### Data records

*****

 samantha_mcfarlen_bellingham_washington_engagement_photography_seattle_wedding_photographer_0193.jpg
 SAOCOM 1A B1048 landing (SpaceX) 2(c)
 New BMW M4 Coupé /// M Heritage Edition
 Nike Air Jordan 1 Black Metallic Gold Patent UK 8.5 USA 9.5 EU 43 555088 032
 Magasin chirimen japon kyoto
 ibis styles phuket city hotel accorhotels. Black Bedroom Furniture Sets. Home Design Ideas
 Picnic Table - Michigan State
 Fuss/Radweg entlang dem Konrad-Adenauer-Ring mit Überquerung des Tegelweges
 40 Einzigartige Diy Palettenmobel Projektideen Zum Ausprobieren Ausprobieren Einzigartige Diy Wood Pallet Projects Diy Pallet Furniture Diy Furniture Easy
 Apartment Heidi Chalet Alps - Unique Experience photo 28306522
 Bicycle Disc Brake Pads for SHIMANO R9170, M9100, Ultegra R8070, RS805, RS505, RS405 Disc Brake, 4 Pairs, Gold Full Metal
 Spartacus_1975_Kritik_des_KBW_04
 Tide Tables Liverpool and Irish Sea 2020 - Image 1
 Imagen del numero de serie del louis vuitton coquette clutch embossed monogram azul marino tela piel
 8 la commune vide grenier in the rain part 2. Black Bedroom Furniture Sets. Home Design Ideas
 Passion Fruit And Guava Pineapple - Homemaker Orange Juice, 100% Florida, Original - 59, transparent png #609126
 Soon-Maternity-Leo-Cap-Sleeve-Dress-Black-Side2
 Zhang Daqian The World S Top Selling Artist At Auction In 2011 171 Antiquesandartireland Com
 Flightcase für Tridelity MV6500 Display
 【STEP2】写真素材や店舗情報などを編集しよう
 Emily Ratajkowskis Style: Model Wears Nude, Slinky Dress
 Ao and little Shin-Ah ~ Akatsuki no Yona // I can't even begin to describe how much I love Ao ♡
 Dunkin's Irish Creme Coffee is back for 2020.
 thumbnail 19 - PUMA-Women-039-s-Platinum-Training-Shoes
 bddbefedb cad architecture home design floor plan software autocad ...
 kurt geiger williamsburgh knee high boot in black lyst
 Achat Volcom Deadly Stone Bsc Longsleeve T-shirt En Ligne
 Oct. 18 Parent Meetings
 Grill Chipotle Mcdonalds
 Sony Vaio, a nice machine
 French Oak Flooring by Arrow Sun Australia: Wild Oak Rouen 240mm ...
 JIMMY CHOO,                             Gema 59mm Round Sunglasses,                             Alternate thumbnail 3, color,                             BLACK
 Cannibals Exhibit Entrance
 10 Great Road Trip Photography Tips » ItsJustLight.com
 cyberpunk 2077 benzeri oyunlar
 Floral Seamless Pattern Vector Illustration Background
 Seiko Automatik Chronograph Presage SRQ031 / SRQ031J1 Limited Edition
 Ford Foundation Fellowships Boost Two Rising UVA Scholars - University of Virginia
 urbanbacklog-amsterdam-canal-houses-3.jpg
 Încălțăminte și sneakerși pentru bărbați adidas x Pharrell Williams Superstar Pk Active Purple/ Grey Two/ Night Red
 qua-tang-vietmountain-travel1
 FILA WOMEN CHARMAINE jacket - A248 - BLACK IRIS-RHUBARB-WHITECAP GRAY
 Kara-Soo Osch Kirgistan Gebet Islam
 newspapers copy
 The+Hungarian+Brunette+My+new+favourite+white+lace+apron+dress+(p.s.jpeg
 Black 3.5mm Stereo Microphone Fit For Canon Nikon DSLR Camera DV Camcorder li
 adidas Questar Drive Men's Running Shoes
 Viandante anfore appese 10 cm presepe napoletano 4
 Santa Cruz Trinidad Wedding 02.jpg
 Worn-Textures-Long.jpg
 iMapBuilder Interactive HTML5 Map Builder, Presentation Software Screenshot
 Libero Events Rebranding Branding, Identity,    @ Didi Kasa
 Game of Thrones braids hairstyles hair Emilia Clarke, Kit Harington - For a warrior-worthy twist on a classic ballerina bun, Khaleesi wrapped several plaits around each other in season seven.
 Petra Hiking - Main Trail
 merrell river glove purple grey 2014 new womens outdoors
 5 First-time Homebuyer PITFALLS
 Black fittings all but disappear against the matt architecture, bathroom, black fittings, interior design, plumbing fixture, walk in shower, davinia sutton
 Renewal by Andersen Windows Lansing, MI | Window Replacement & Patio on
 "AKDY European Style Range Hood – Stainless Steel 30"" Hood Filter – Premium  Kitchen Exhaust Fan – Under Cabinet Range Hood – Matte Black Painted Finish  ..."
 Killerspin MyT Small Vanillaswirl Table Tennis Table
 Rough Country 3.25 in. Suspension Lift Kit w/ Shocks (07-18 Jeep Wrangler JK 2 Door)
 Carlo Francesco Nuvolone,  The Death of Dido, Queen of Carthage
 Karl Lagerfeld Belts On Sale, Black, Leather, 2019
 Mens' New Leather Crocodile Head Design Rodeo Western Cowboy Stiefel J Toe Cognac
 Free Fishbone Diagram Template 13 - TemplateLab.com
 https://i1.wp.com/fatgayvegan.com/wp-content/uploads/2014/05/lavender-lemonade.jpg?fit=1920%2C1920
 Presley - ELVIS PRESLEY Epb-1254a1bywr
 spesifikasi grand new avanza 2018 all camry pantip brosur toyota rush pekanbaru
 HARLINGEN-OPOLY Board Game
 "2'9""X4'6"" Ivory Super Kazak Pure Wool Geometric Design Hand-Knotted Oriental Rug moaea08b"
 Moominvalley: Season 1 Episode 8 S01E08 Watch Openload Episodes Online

*****

### Goal of the exercise
Select and copy each line from the data that includes the word "Game".

### Solution to the exercise
 Game of Thrones braids hairstyles hair Emilia Clarke, Kit Harington - For a warrior-worthy twist on a classic ballerina bun, Khaleesi wrapped several plaits around each other in season seven.
 HARLINGEN-OPOLY Board Game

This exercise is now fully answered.